ラグビーワールドカップでも注目されましたが、トップアスリート達のフィジカルの強さに圧倒されましたね。トレーニングや身体作りなしで試合に出場していたら大けが間違いなし。私ならすぐ骨折してしまうかもと思いながら観戦しておりました。激しい戦いの中でしっかりとパフォーマンスを発揮し、結果を出していく選手達の姿に魅了された方も多いのではないでしょうか。トップアスリート達のパフォーマンス向上のためには、長年積み上げてきたトレーニングは勿論のこと『食』が大きく関わっていることは広く認知されていますね。

 

 

 

なぜ食事が大事なの?

練習などでエネルギー消耗をした後に食事に気を配らないでいると、筋肉消耗や疲労回復が遅れてしまいます。疲労が蓄積すると、コンディションの低下やケガの原因にもなります。

まずは食事で気をつける基本事項からご紹介したいと思います。

 

 

強い身体をつくるためのルール

朝食をしっかりと摂る

人は眠っている間にもカロリーを消費しています。アスリートに限らず1日の始まりの朝食は眠っていた脳を目覚めさせてくれるので、主食、主菜、副菜、汁物をバランスよく摂取しましょう。朝食を抜いて運動をすると筋肉を分解してしまいます。

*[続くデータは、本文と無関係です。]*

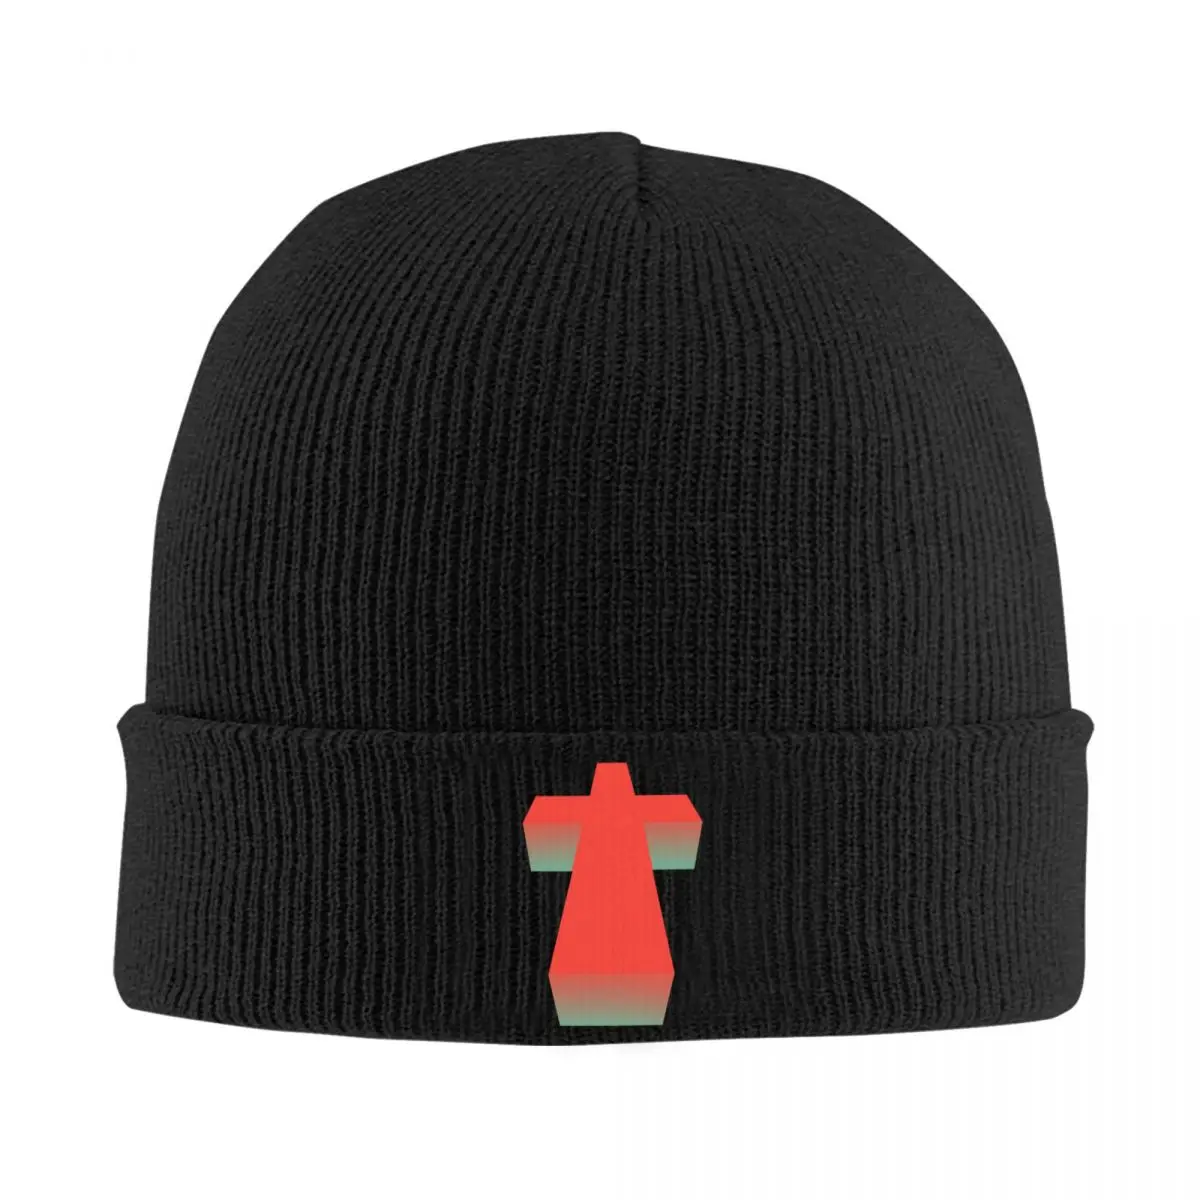 

Винтажная облегающая шапка с крестом для справедливости, зимняя теплая шапка унисекс, мужские вязаные шапки, лыжные шапочки для улицы, облегающие шапки для мужчин и женщин

エネルギー消費の多いスポーツ選手の場合はカロリー摂取を意識することも大事です。時間がない場合はゼリー飲料などでも必ず補給しましょう。サプリメントなどに頼りすぎると内臓も疲れてしまうので要注意。

 

1日3食バランスよく食べる

主食の他におかずは毎回食べましょう。主菜となるおかずはたんぱく質が豊富で筋肉の栄養源となります。たんぱく質が足りないと筋肉が減ってしまいます。魚類や海藻類に豊富なカルシウムやマグネシウムは骨を作る材料となり、筋肉の収縮を助ける働きをするのでケガ予防にも繋がります。また野菜や果物は生で食べることが多いため、ビタミンが加熱で失われる事もありません。クエン酸が豊富な物が多いので疲労回復にも役立ちます。バランスよく栄養素を摂取することであらゆる方向から身体作りのサポートができます。

 

食べるタイミングを考えて補食を摂取する

運動前後や合間の補食でエネルギー補給することで消耗した栄養素を補充できます。特に運動後はできるだけ早いタイミングで『たんぱく質』『糖質』『ビタミン』等を補給することが疲労回復に役立ちます。

 

水分を積極的に摂る

運動中は発汗の為体内の水分が不足します。水分補給がおろそかになるとパフォーマンスの低下だけでなく熱中症などの危険も伴うので、のどが乾く前にこまめに補給することを心掛けましょう。

 

実行できていることはありましたか?種目や試合前などでは更に食事の摂り方も変わってきますが、大まかなルールを実践するだけでも健康で丈夫な身体作りができ、パフォーマンス向上につながります。完璧な食事を続けるのは難しいこともありますが、ぜひ意識してみてくださいね。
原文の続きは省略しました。